8. Steve Vai - For the Love of God
Steven Siro Vai 1960'ta New York'ta dünyaya gelmiş. Adamın hayatı gitar olmuş. Birçok ünlü müzisyenden ders almış. Özellikle Joe Satriani üstaddan ders alması sebebiyle tarzları da benzer. Yılları turnelerde konselerde geçmiş kendine has tarzı olan biri Steve Vai. Şarkının orijinal kaydı mı yoksa Hollanda Metropol Orkestrası ile olan kaydı mı atayım bir türlü karar veremedim. Sonra orijinali dinlemek isteyen yine dinler diyerek size senfoni orkestralı versiyonunu sunmaya karar verdim:
9. Mustafa Sandal - Kalmadı
Mustafa Sandal'ı biliyorsunuz. Anlatmaya gerek yok! Şu linkte baya detaylı bir özeti var hayatının: Mustafa Sandal'ın Biyografisi Özellikle Cenevre'de orta ve lise tahsilini tamamladı kısmına baya şaşırdım diyebilirim.

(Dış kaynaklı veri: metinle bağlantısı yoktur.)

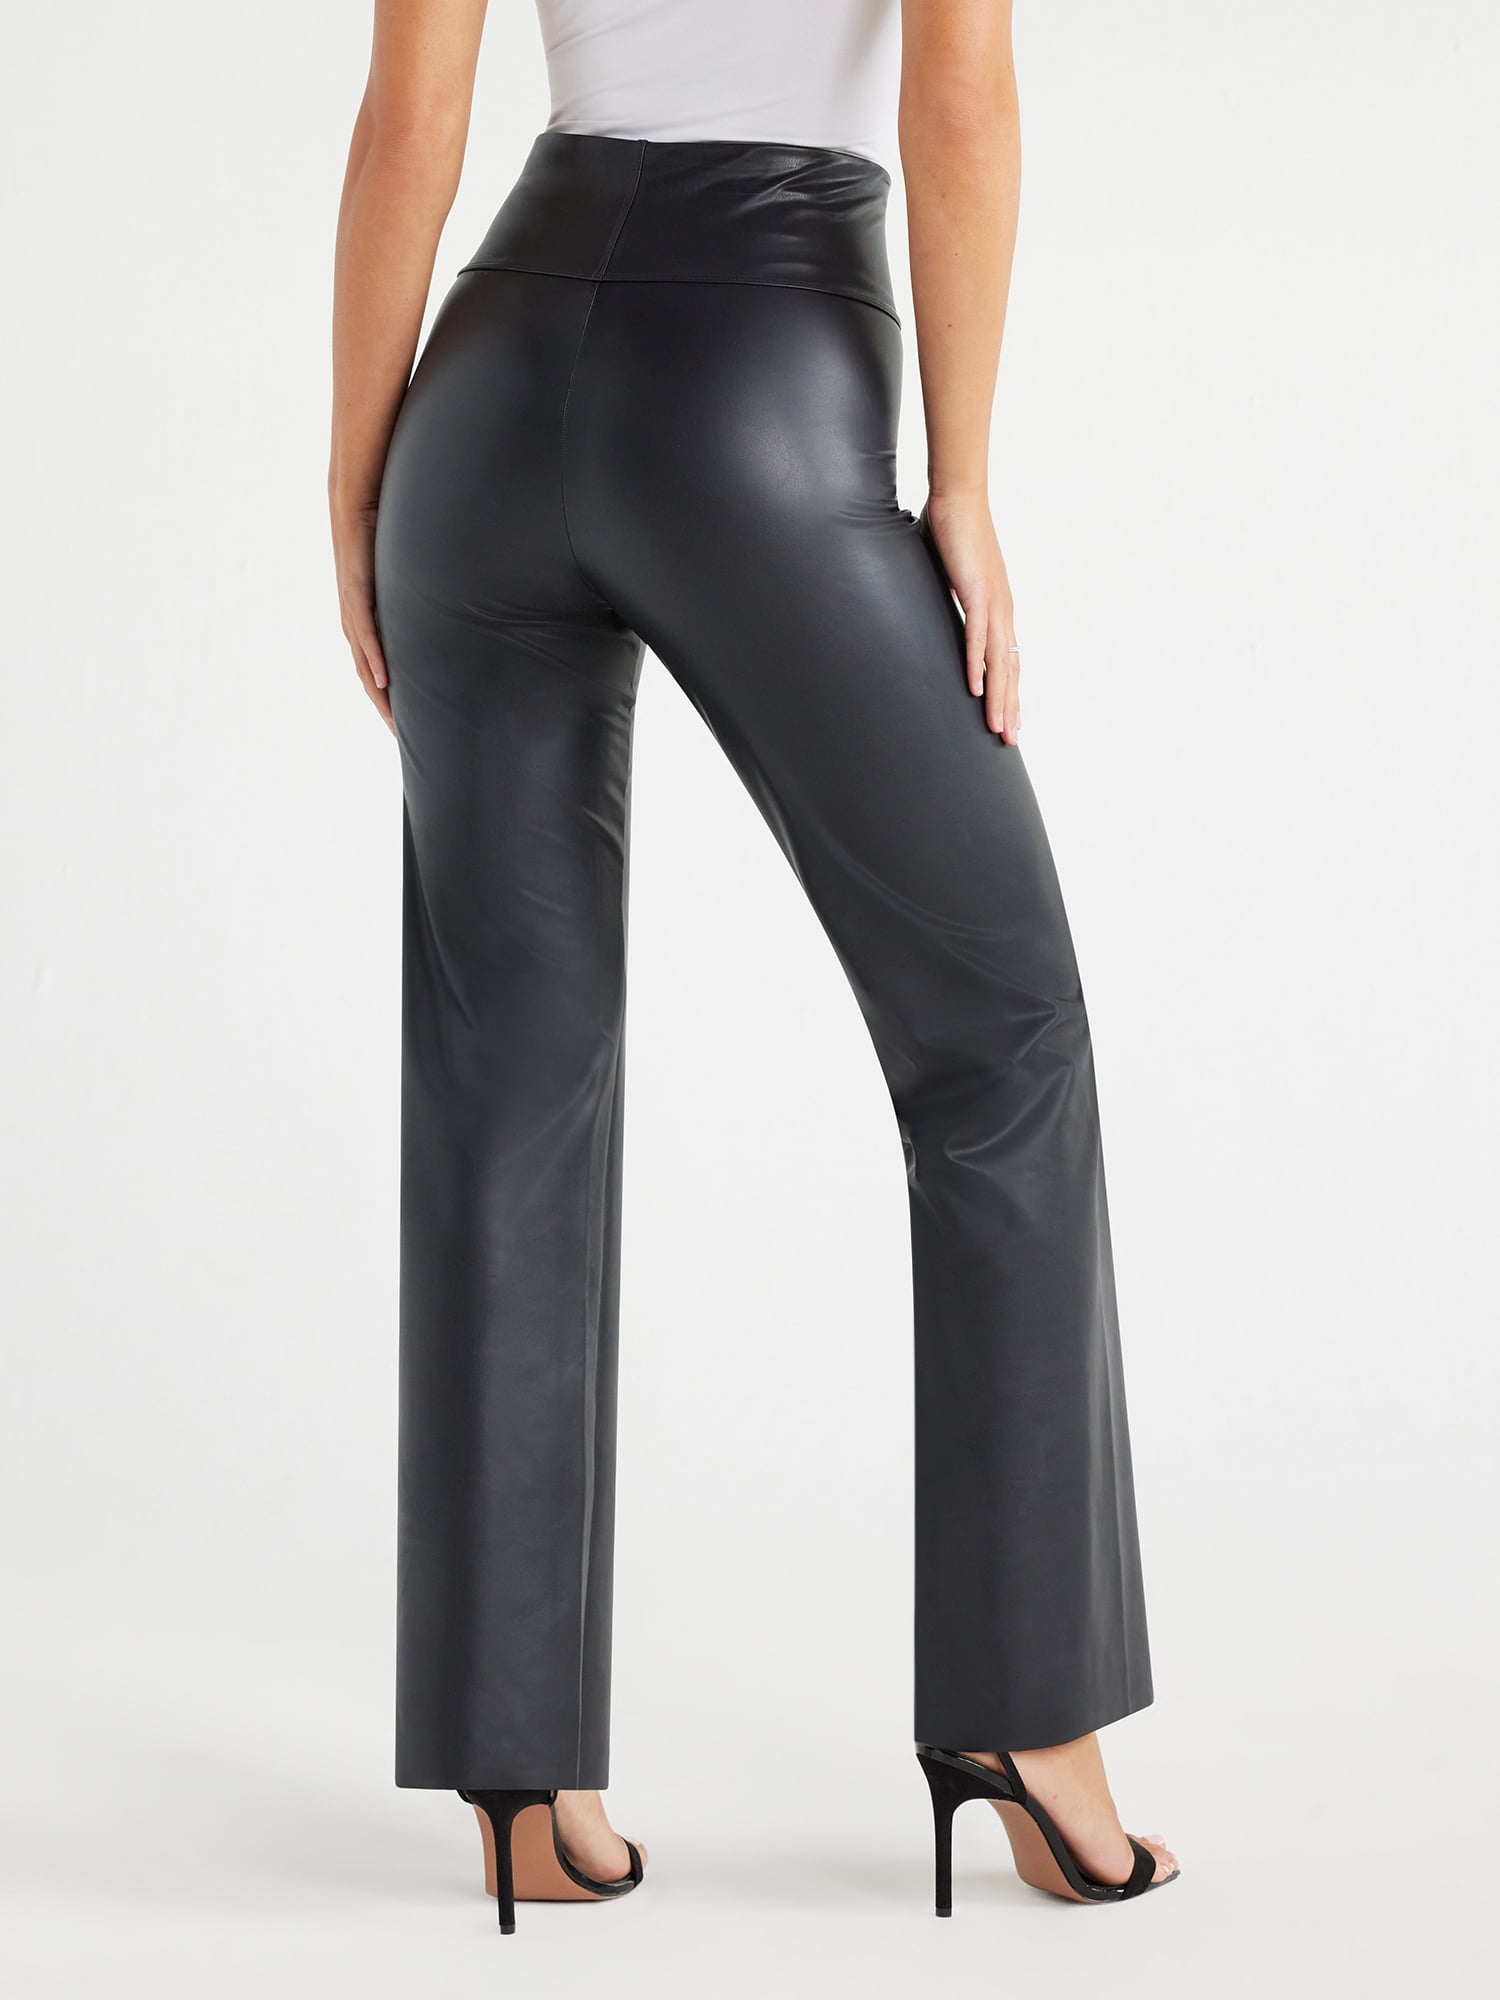 Sofia Jeans Women's Faux Leather Bootcut Pants, 32.5 Inseam, Sizes XS-2XL

Gelelim niye bu şarkı sorusunun cevabına. Bu şarkıyı bana kadim dostum Bilal dinletmişti. Zannediyorum 2006-2007 yıllarından birinin yazıydı. Kanun ile girmesi beni çok etkilemişti. Kanunu da Hakan Güngör üstad çalıyor bu arada. Yıllar geçti hala dinliyorum. Şimdiki pop şarkılara nazaran çok daha kaliteli sözleri ve altyapısı var diyebilirim. Sözleri ve videoyu atıyorum:
Söz söz verdim ben bir daha asla
Sevmem diye yemin ettim ben
Çoktan beri tuhaf duygularda
Sordum aski ve
Korkuyorsam bir nedeni var elbet
Ates yaktigi yerde dert
Sen bunlari duymadin farzet
Bendeki izlerini takip et
Benim aska inancim kalmadi hiç
Sorma sorma
Beni ellere verin utanmadan hiç
Bozma bozma keyfini
Söz & Müzik: Mustafa Sandal
10. Orhan Gencebay - Sen de Haklısın
5 yaşından beri dinlediğim üstadım kabul ettiğim müzikolog, virtüöz ve aktör Orhan Gencebay'ın hayatı ve eserleri hakkında onlarca yazı yazma isteğim var. Ancak mükemmeliyetçilik hastalığım yüzünden bir türlü başlamak nasip olmadı.
1992 albümünde olan Sen de Haklısın, Gencebay'ın (sözü müziği kendisine ait tabi) son dönem şarkılarındandır. Buraya 1969'dan eserler de koyabilirdim. Biraz müzik bakımından da marjinal olsun istedim. Girişteki bas gitar ve keman uyumu çok lezzetlidir.
Şu sözleri bilindik bir şair değil Orhan Gencebay yazmıştır:
Herkes ben haklıyım diyor.
Haksız olan kimdir?
Herkes en çok bana diyor.
Razı olan kimdir?
Orhan Gencebay şarkılarının ilk kısmı genele hitap eden sözler ihtiva ederken ikinci partlarda hep sevgiliye yakarışa, siteme dönüşür. Bundandır ki insanlar onun eserlerinde kendini bir şekilde bulabilmekte.
Şarkının sonundaki elektro soloya söylenecek pek bir söz yok. Muhteşem!
Kendimizi eserin muazzam altyapısına ve sözlerindeki derin felsefeye bırakalım.
Evet, listemiz bitti. Bu liste tamamen keyfime göre düzenlendi. Bambaşka 10 sanatçıyla 7-8 liste daha yapabilirim. Siz beğenirseniz yeni listeler de yaparım.
Hazırlarken size en uygun kota dostu videoları belirlemek olsun sanatçıların biyografilerini İngilizce kaynaklardan derlemek olsun baya vaktimi aldığı için yazı normalden bir gün gecikti ama olsun.
Beğenmeniz dileğiyle. Müzikle kalın, esen kalın!